Pulls current title / subtitle / keywords / description for all locales

Keyword research

OpenClaw + web search

Generates candidates from locale files and competitor signals

Draft generation

OpenClaw

Writes locale-specific copy respecting Apple's character limits

File structure

OpenClaw

Produces the metadata directory tree asc expects

Submission preview

asc release run --dry-run

Shows the diff before anything changes

Submission

asc release run --confirm

Applies after human review

Monthly review

Cron job

Re-runs the whole cycle, compares against codebase changes

Why ASO matters for indie apps

The App Store has millions of apps. Research consistently puts the share of installs coming from search at well above 60%. For an app with no ad spend, organic search is the entire acquisition funnel. The frustration is that meaningful ASO involves tasks that feel like admin work:

  • Finding keywords with decent volume that large apps haven't already locked up.
  • Writing distinct copy for every supported locale — not just translated, but optimized for how users in that market actually search.
  • Revisiting all of the above whenever a feature ships.

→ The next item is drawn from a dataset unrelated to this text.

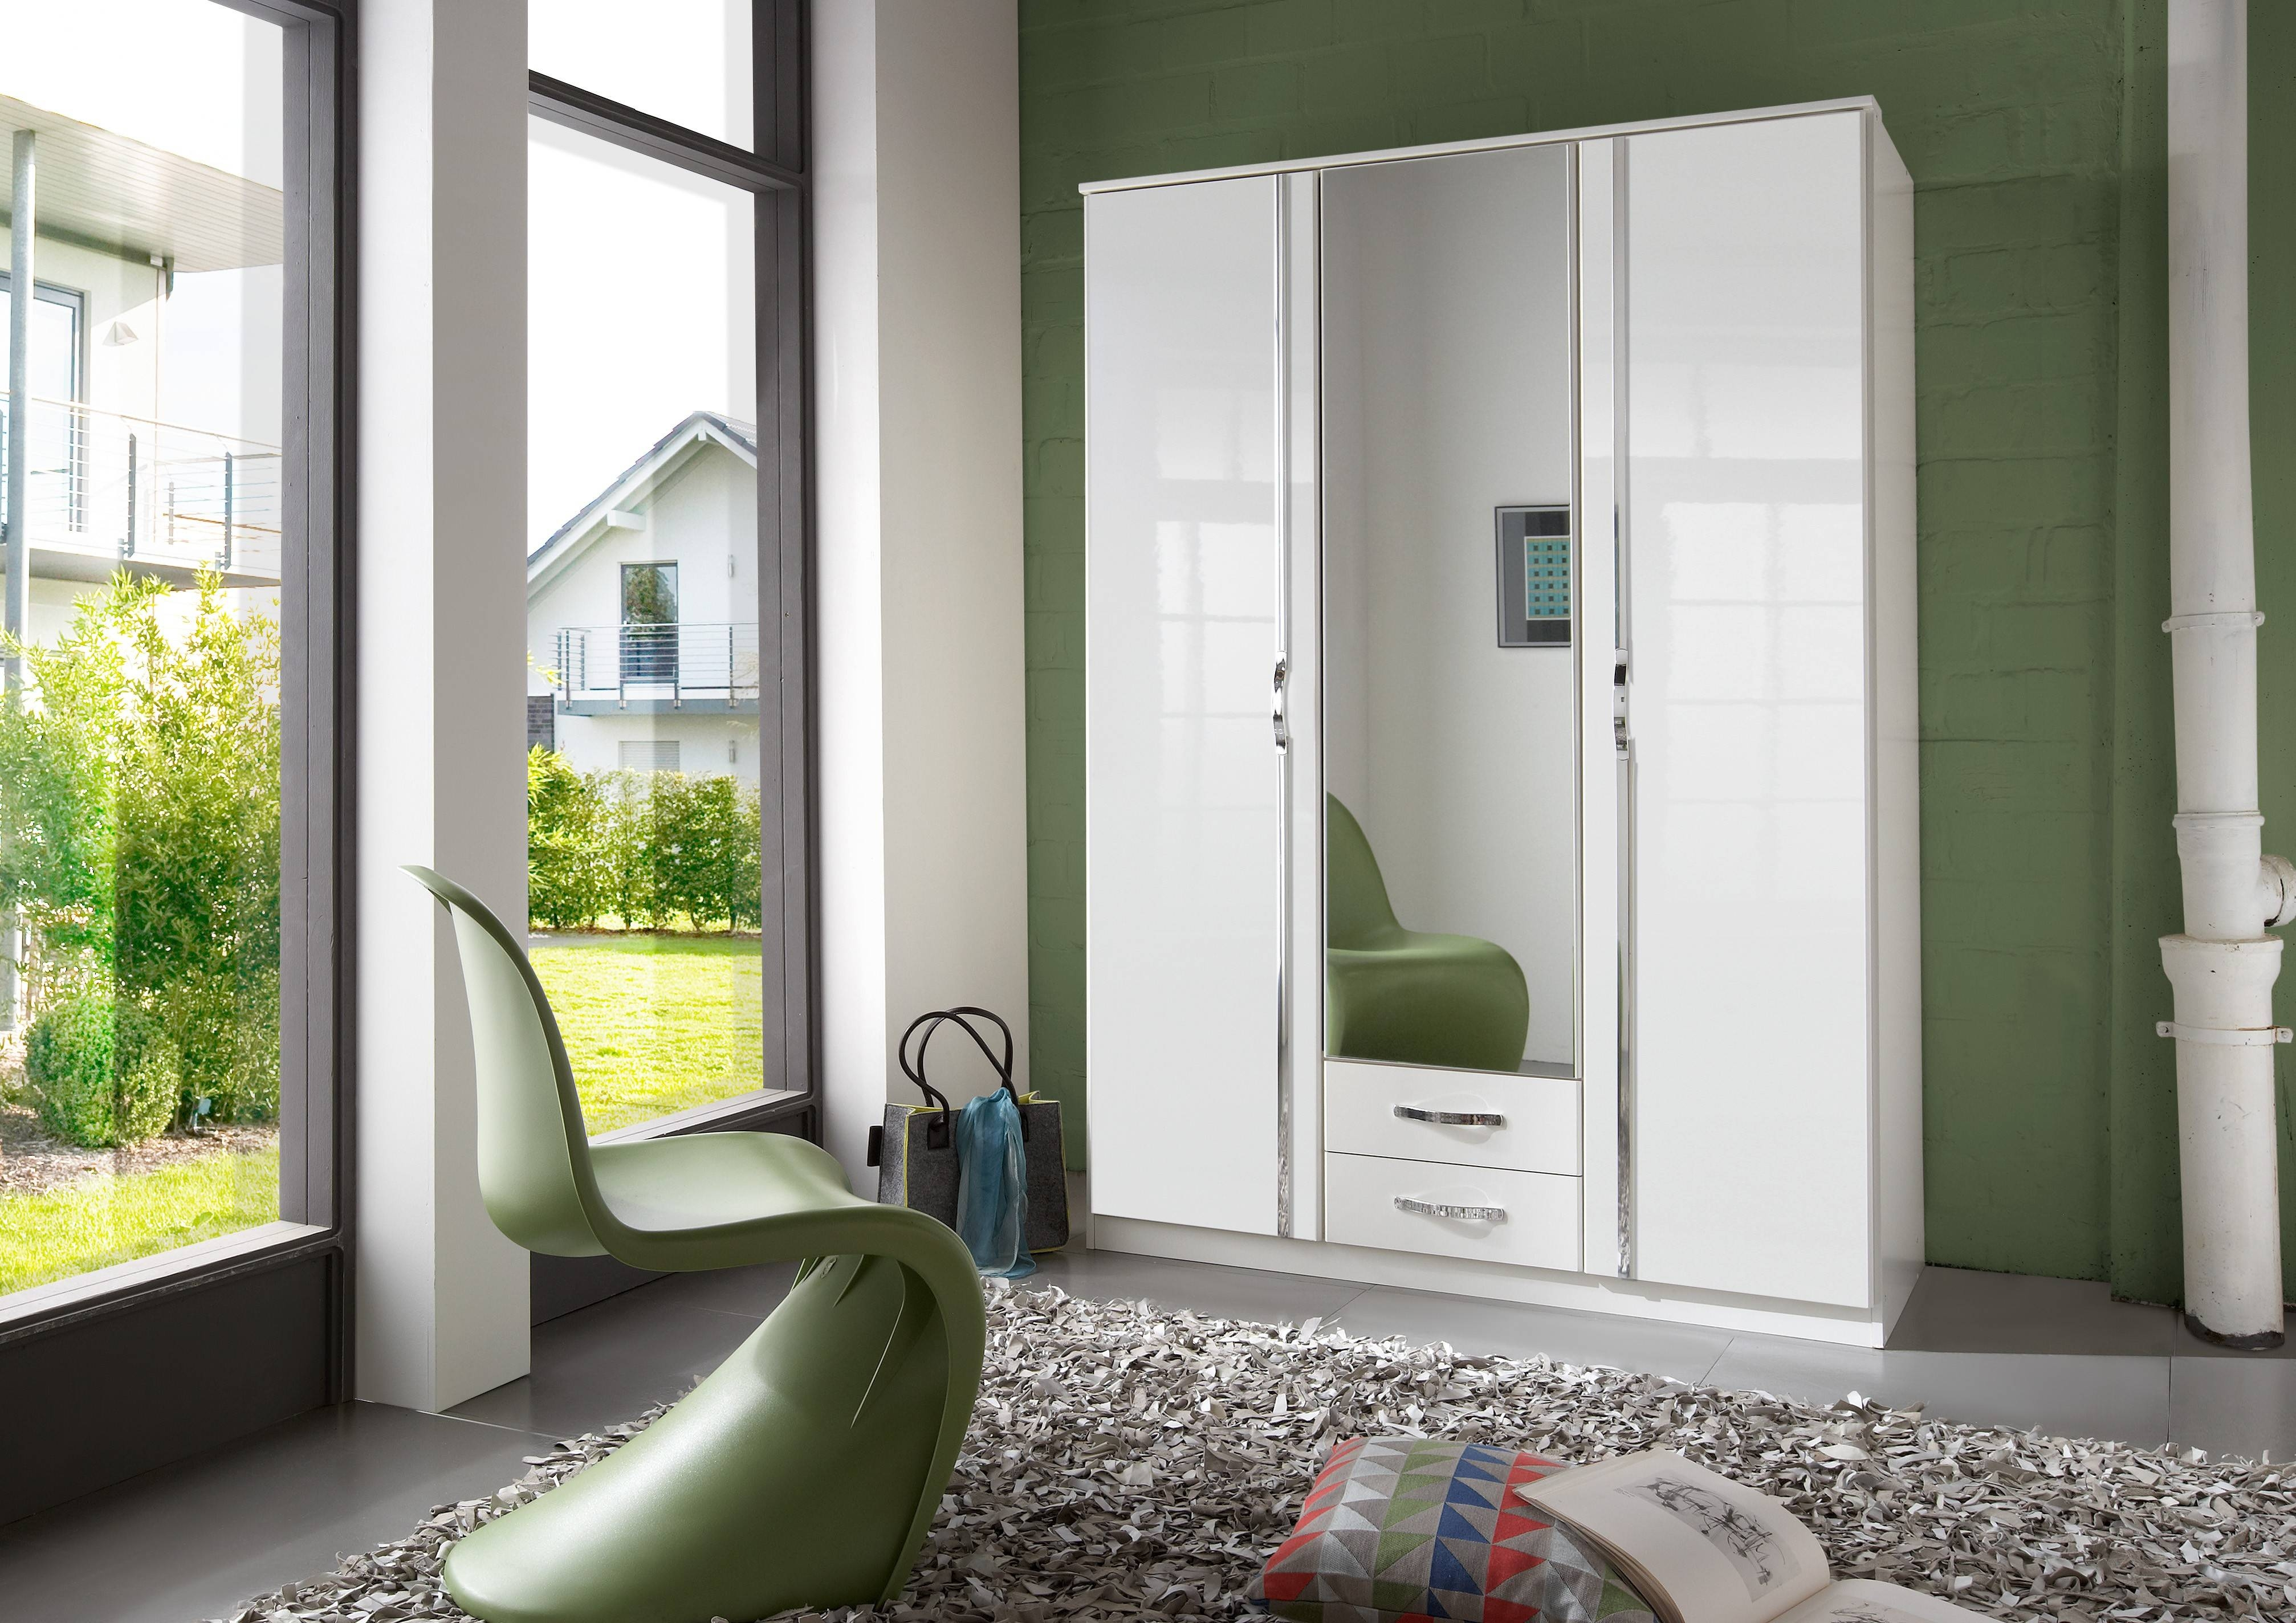 Slumberhaus 'trio' White Gloss, Chrome & Mirror 3 Door 2 Drawer within 3 Door Mirrored Wardrobes (Image 14 of 15)

The third point is the one that almost never happens in practice. You optimize at launch, and then the metadata drifts while the product moves on.

What asc CLI is

asc is an unofficial CLI for the App Store Connect API. Install via Homebrew or the install script:

# Homebrew
brew install asc

# Install script
curl -fsSL https://asccli.sh/install | bash

It covers most of what the App Store Connect web UI can do: TestFlight, builds, submissions, signing, analytics, screenshots, subscriptions. For ASO the relevant surface is metadata and localizations — fetching the current state, and updating it.

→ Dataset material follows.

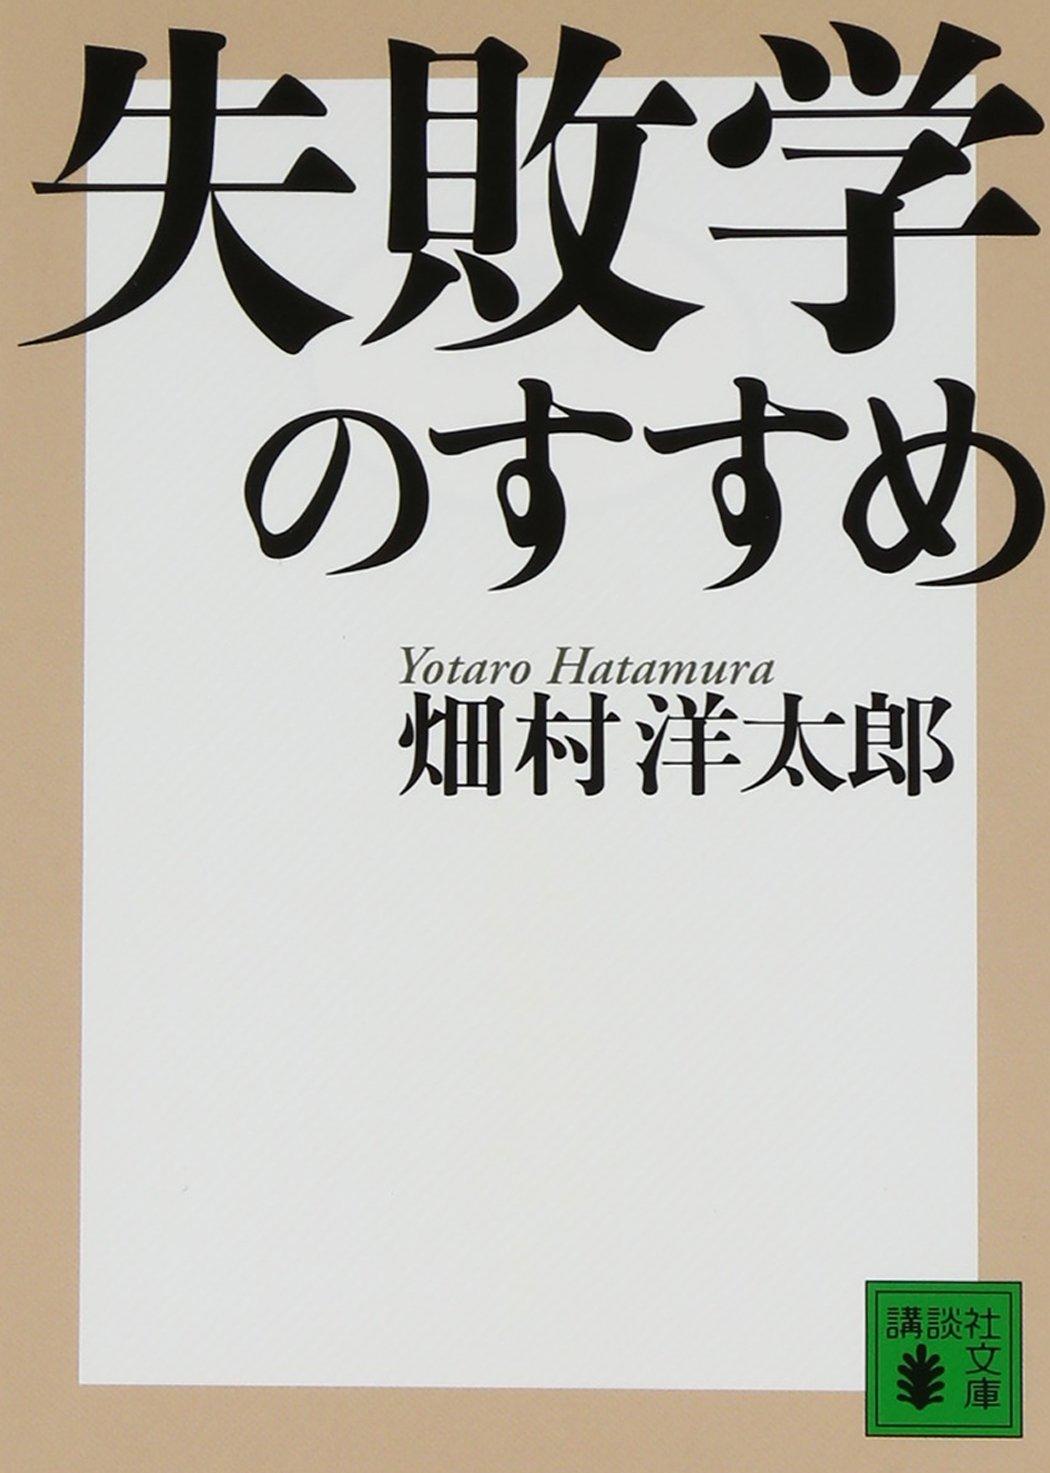 畑村 洋太郎(Yotaro Hatamura)Amazonより

The design characteristic that makes it useful for agent workflows: in non-interactive contexts (pipes, CI) it defaults to JSON output. No screen-scraping required.

# Explicit JSON output
asc apps list --output json

Set up authentication once with your App Store Connect API key:

# App Store Connect > Users and Access > Integrations > API Keys
# Key type: Individual, Role: App Manager or higher

asc auth login \
  --name "Storyie" \
  --key-id "XXXXXXXXXX" \
  --issuer-id "xxxxxxxx-xxxx-xxxx-xxxx-xxxxxxxxxxxx" \
  --private-key ./AuthKey_XXXXXXXXXX.p8

After that, asc apps list just works, and the agent can call any asc command without re-authenticating.

Architecture: agent + CLI

The setup is deliberately simple:

┌────────────────┐     ┌──────────────────┐     ┌─────────────────┐
│   OpenClaw     │────▶│  asc CLI         │────▶│  App Store      │
│   AI Agent     │     │  (asc commands)  │     │  Connect        │
│                │◀────│                  │◀────│  (metadata)     │
└────────────────┘     └──────────────────┘     └─────────────────┘
        │
        ▼
┌────────────────┐
│  Codebase      │
│  (locales/*)   │
└────────────────┘

The part that makes this better than a generic ASO tool: the agent can read the codebase. It sees the actual feature set, the terminology used in-product, and the in-app translations — all before writing a single word of store copy.

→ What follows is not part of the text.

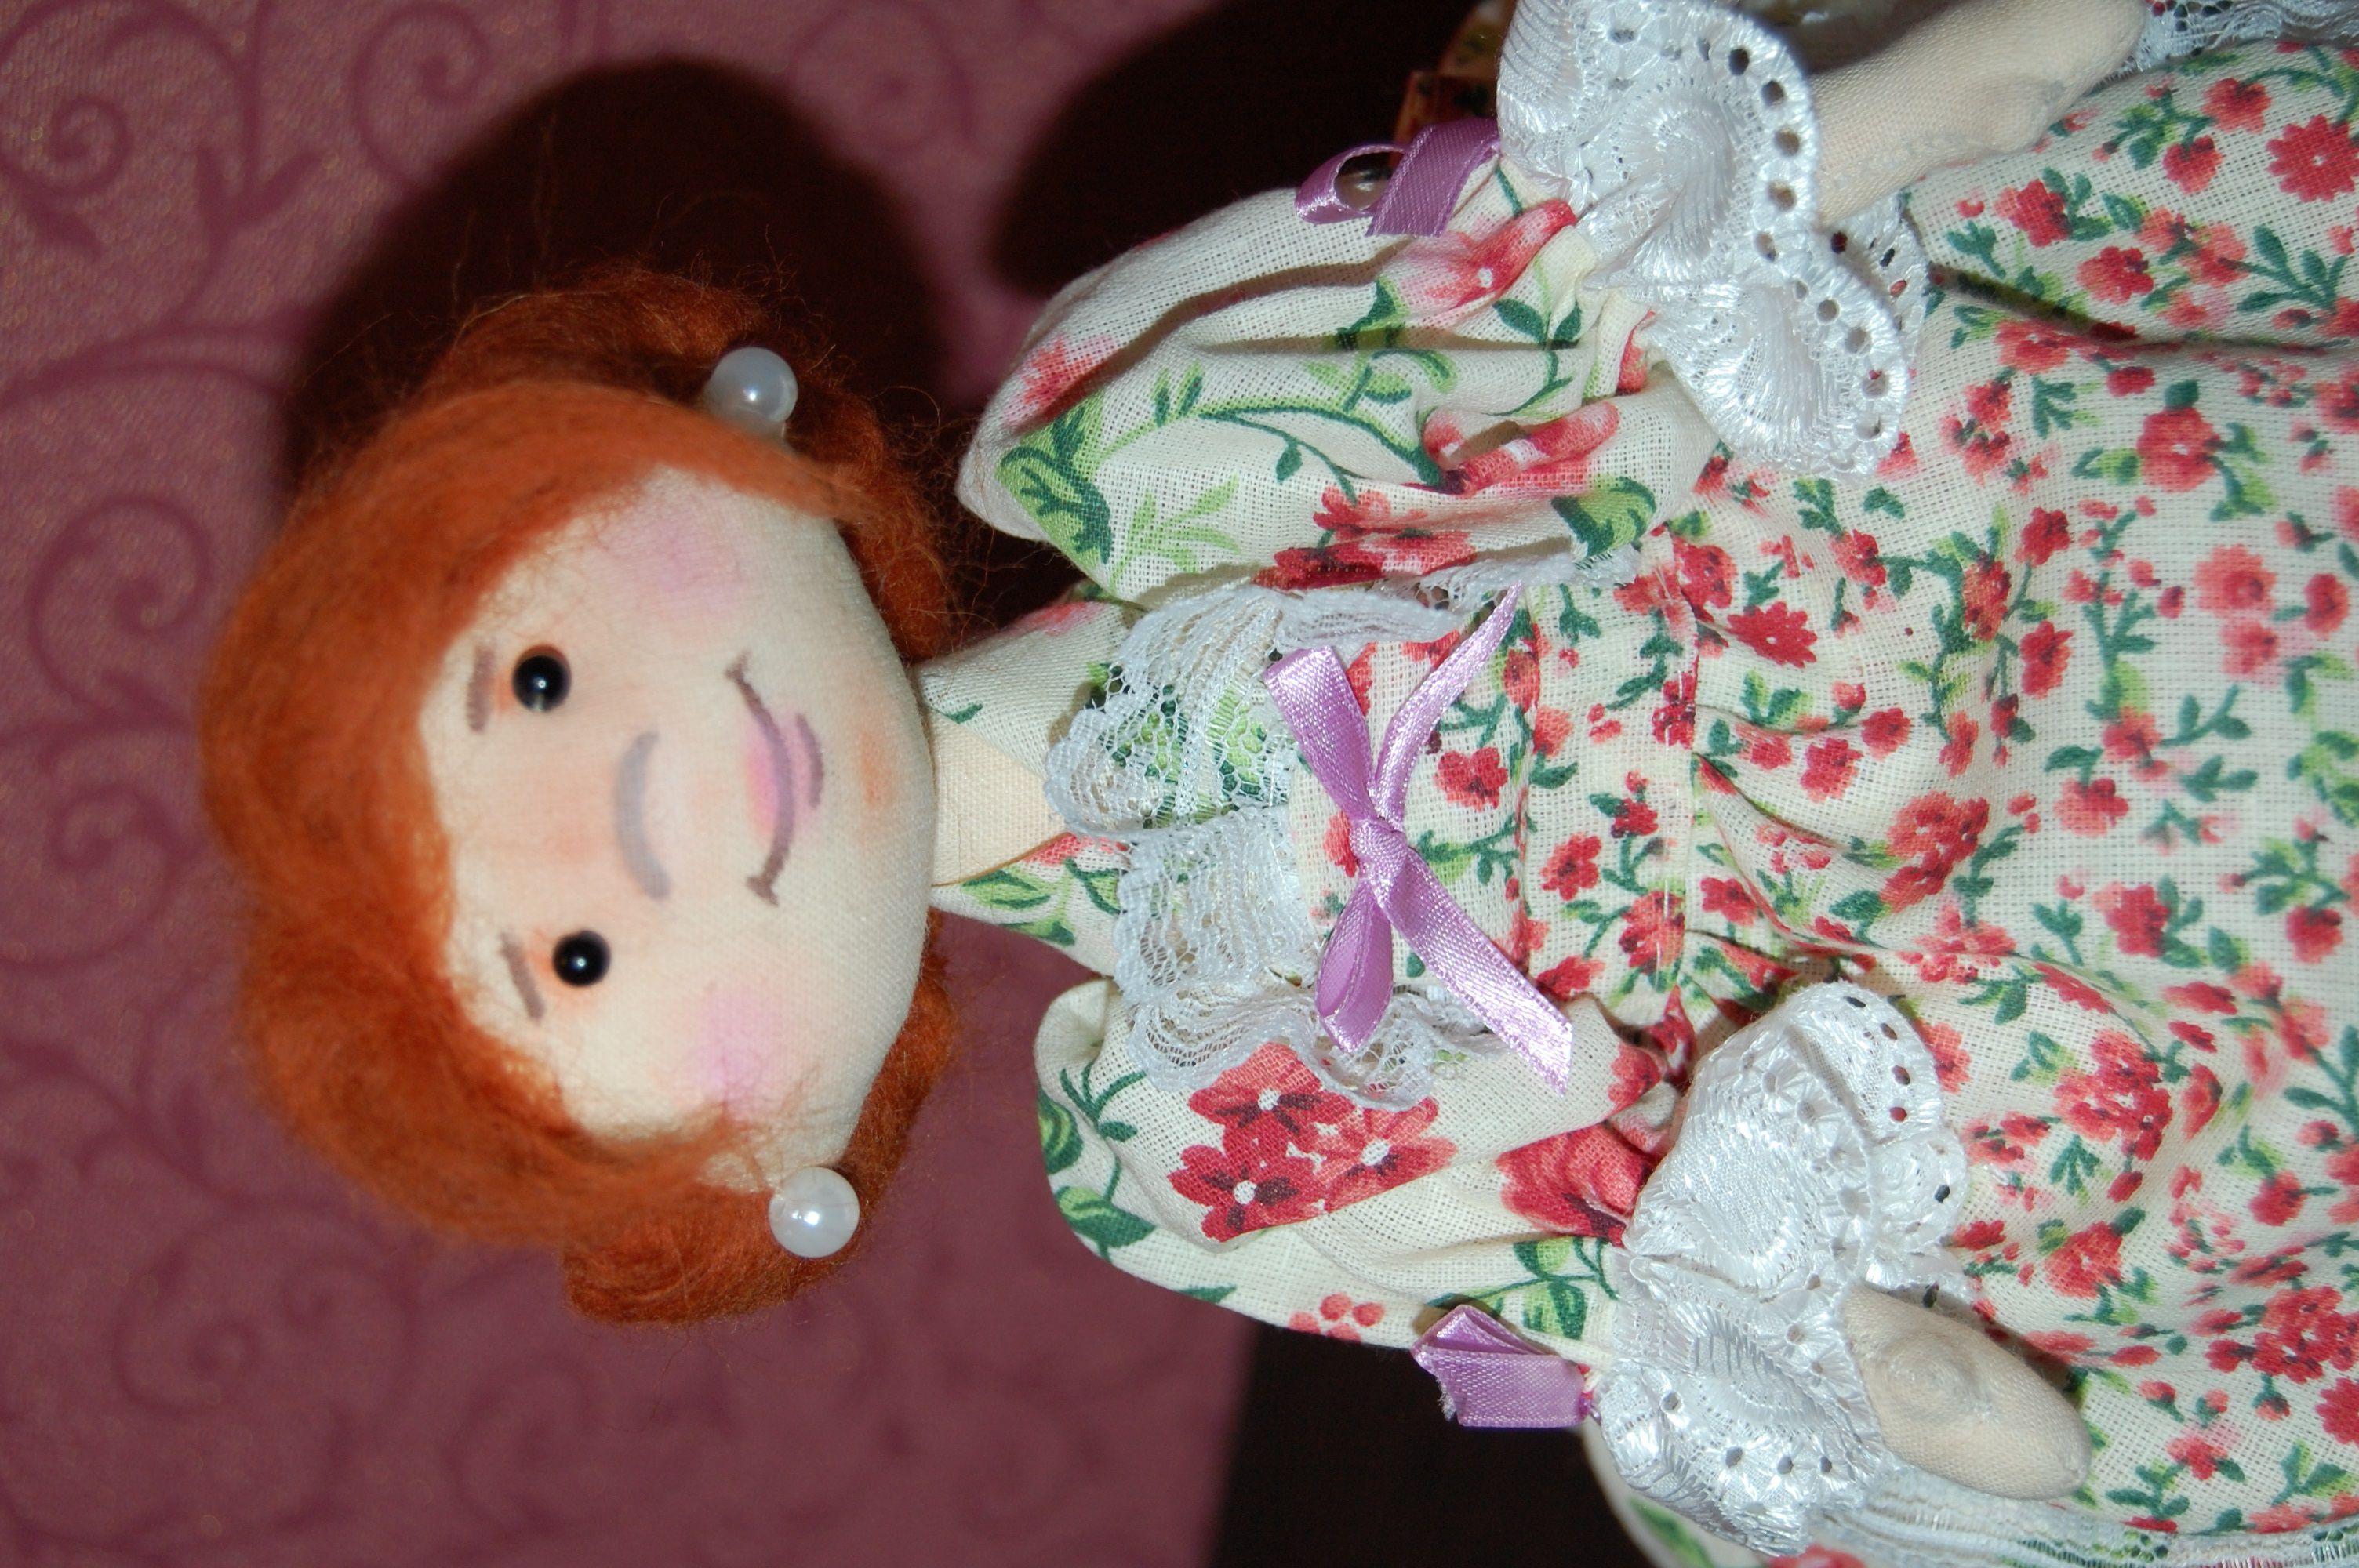 интерьера грелка чайник игрушка украшение кукла ручная работа на текстильная подарок

Keyword research without a paid tool

The standard approach to ASO keyword research is subscribing to App Annie or Sensor Tower at somewhere between $100 and $500 a month. That is not a realistic line item for an indie project.

The alternative: generate candidates from the product itself.

Grounding candidates in the codebase

OpenClaw can read the app's locale files directly. Storyie's English locale lives in apps/expo/locales/en.ts:

// apps/expo/locales/en.ts
export default {
  translation: {
    // biometric auth, theme settings, export, AI features...
    // Each feature name is a keyword candidate
  },
};

Asking the agent to produce 50 keyword candidates from the feature list takes seconds and yields copy that is actually grounded in what the app does — not generic "journal app" phrasing that could describe any of hundreds of competitors.

Estimating volume without an ASO subscription

asc only covers your own app's data — it doesn't expose category rankings or competitor metadata. To layer in search volume signals, the agent uses web search to pull publicly available competitor descriptions and App Store category information. This is imprecise compared to Sensor Tower, but combined with the codebase-grounded candidates it produces a useful ranked list, especially for long-tail terms where competition is lower and precision matters less.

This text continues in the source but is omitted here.